On Monday, Santiago Abascal attended the protests on Ferraz Street with a surprise guest. Next to him was one of the most media journalists in the world: the controversial Tucker Carlson, who took advantage of his stay in Madrid to have an interview with the leader of Vox, which he uploaded this afternoon to his account on the social network ), the platform on which he publishes his work after being fired from Fox News a little over a year ago.

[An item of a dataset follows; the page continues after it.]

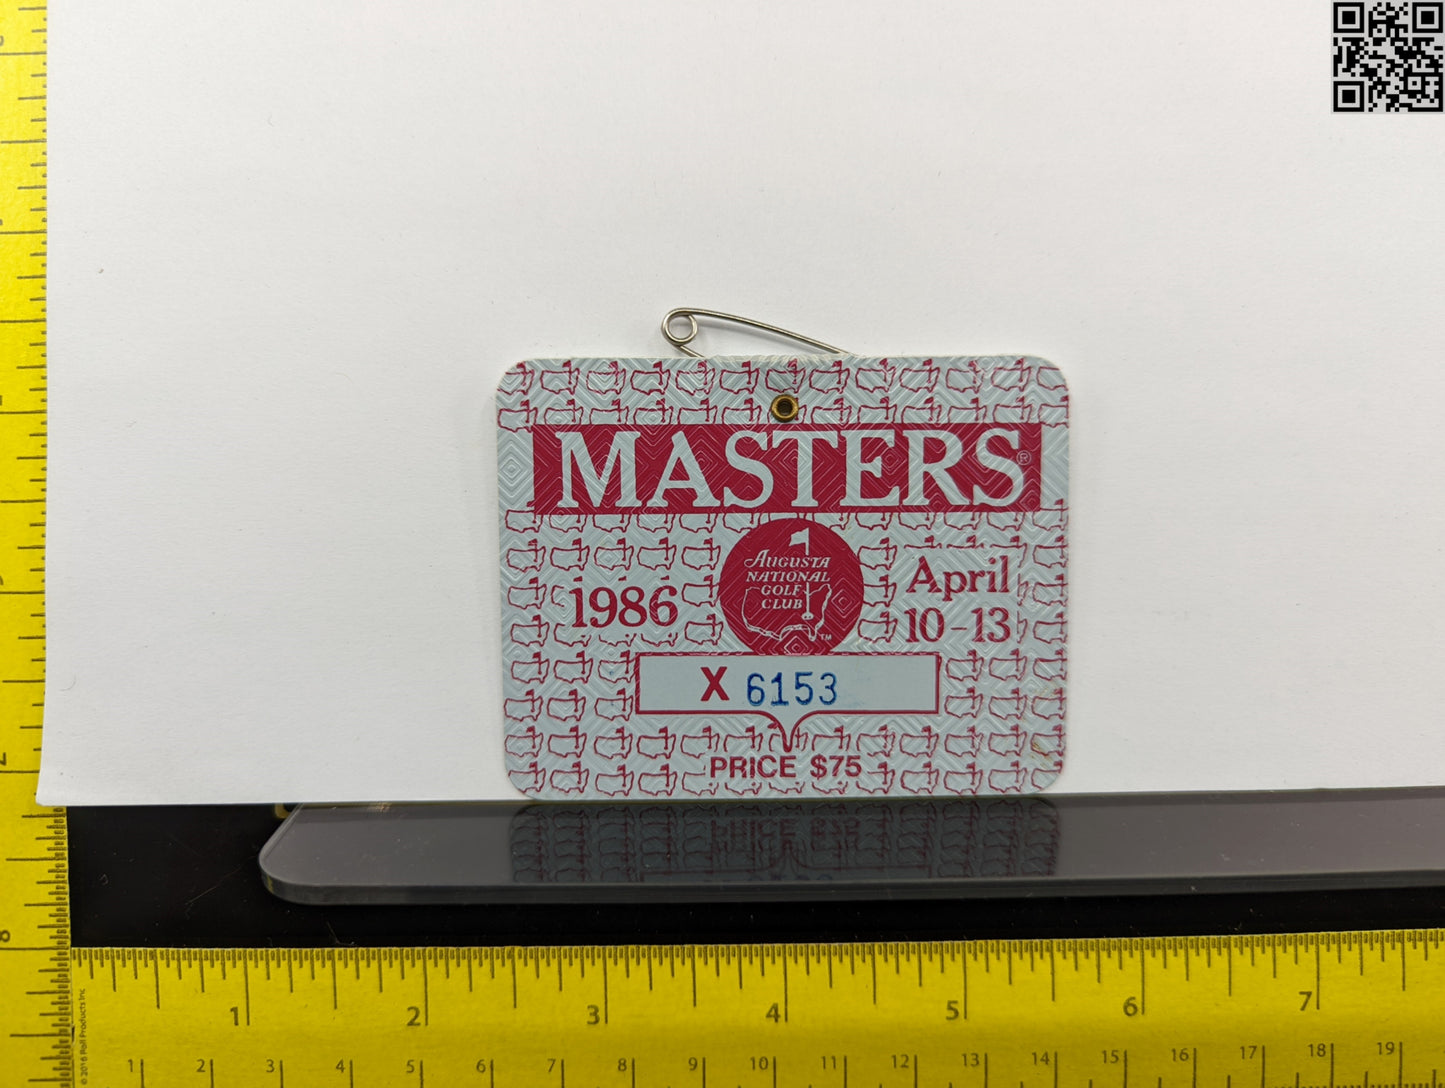 1986 Masters Tournament Series Badge - Augusta National Golf Club - Jack Nicklaus 6th Masters Win 18th Major

Carlson, who according to some North American media could be the vice president of the United States if Donald Trump wins the elections in 2024, begins the interview by defining Spain as “a relatively small country that tends to anticipate what happens in the rest of the world” and explaining that It was the Vidal-Quadras attack that led them “to pay attention.” Furthermore, he makes an analogy between this event, the Spanish political situation after the amnesty and the decade of the 1930s. “The shooting took place at a time when the left is trying to take over the country illegally, offering amnesty to terrorists to have control. Something similar happened in the 20th century, when thousands of people, especially Christians, were killed with shots in the back of the head or burned alive. It was the beginning of the Civil War.”
During the half hour that their talk lasts, Abascal and Carlson discuss a multitude of topics, from the situation in Spain with the Amnesty Law, to immigration or the role that magnate George Soros plays in Western politics. “It would be good for the rest of the world to understand that Spain has been the testing ground for the most extreme wokism, for extreme climate agendas, for tremendously radical gender laws,” begins Abascal, who defines Sánchez’s inauguration as a blow to the Constitution and the nation. “This Government has initiated a constituent process. It has put on the table an Amnesty Law for the worst crimes committed by public representatives. The judges are talking about the beginning of the end of democracy and the abolition of the rule of law. The government walks down the path of the most absolute illegality”.
“I am willing to do absolutely anything,” Abascal continues when Carlson asks him if he would be willing to go to jail. “Either the tyrant sits in the dock or the opponents in jail.” Questioned about Soros and his role in Spanish politics, Carlson is surprised when the president of Vox explains that this was the first person Sánchez met with when he became president. “He has never answered my questions in Parliament.” Asked about illegal immigration, one of the topics most used by Trump, Abascal assures that the Spanish population “regardless of who they vote for” is against mass immigration, but accuses the media and political elites of having an discourse alien to this reality. “They dare to stigmatize their own people, they call anyone who asks for legal and orderly immigration to be xenophobic.”
“The protests must last as long as this Government lasts,” Abascal concludes, who throughout the interview shows a lot of complicity with Carlson. The leader of Vox has been the 40th protagonist since the American was fired from Fox News, a network of which he was the most recognized face, for stating that Joe Biden won the presidential elections in 2020 through electoral fraud. The talk between Tucker Carlson and Santiago Abascal has garnered more than 2 million views in less than three hours since its publication.